“When are you going to retire?” Having turned 61 years of age two weeks ago, I’m starting to hear that question more often. To be honest, I have no plans to retire. I want to continue serving, preaching, and pastoring as long as I am healthy.
With that in mind, I read with great interest an article by John Piper entitled, “Hillary, Bernie, Donald, and Me” in which he challenges baby boomers not to waste their retirement years. He opens the article with these thoughts.

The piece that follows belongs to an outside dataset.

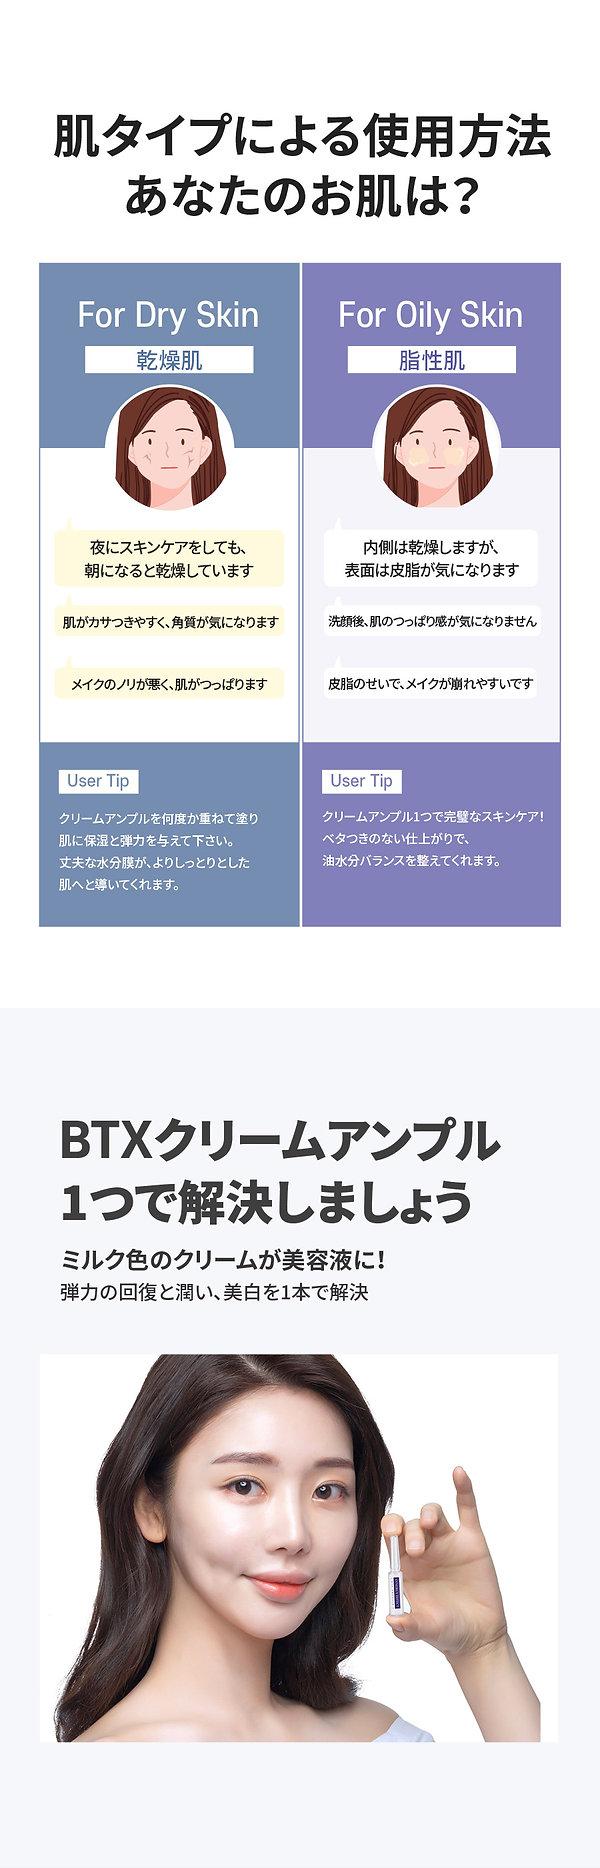 btx2021_creamample-(일어-용량-작)_02.jpg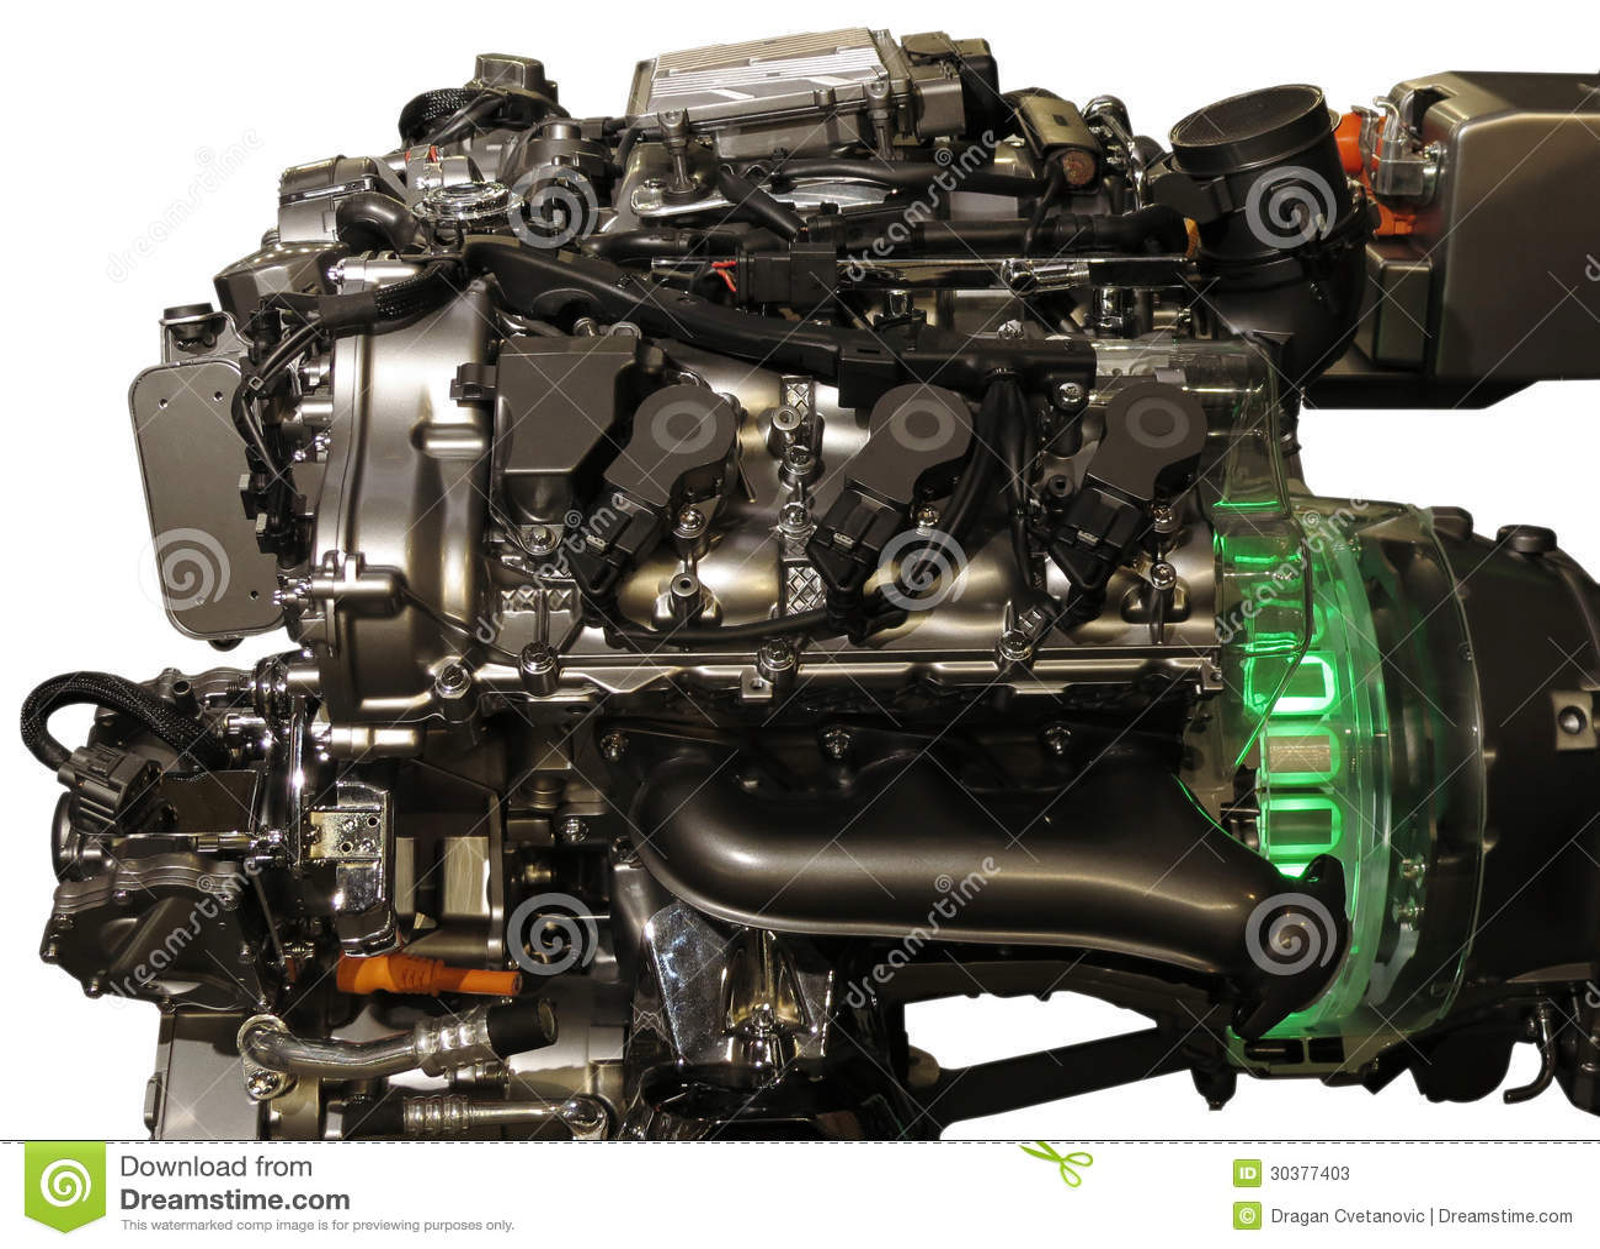 Hybrid Car Engine From S Class Mercedes Stock Photos

At 70, I am energized to dream great things, because this year Hillary turns 69, Bernie turns 75, and Donald turns 70. My rising energy has nothing to do with their policies or character. It has to do with the incredible fact that all of them want to spend their seventies doing the hardest job in the world.
This is wonderfully counter-cultural. I doubt that it’s motivated by a passion to magnify the greatness of Jesus. But that makes it all the more inspiring for me, because nothing gets me more excited than spending my seventies spreading a passion for the glory of Christ and his word. Paul is still my hero when he says, “My eager expectation and hope is that Christ will be magnified in my body, whether by life or by death” (Philippians 1:20).
So if Hillary and Bernie and Donald want to bear the weight of the world for the next four to eight years out of man-centered, philanthropic motives, I find my seventy-something zeal for Jesus heating up. They only get to be president of a tiny territory called the U.S.A. I get to be an ambassador of the Sovereign of the universe. They only get to change the way some people live for a few decades. I get to change the way some people live forever — with a lot of good spill-over for this world in the process.
But this is not an article mainly about me. It’s about the 70 million Baby Boomers coming behind me. I’m the oldest (born in 1946; the youngest born in 1964). Ten thousand Americans turn 70 every day. And they will continue to do so for about nineteen years. Billions of dollars are spent every year trying to get us to waste the last chapter of our lives on leisure. I’m spending one afternoon to plead with the rising seventy-somethings: Don’t waste it.
Being in the center of the baby boomer generation, I’m one of the people Piper is addressing. I appreciate his perspective and agree that we need to redefine retirement.
Piper concludes with these words.
Make no mistake. The Bible believes in retirement. It’s called heaven.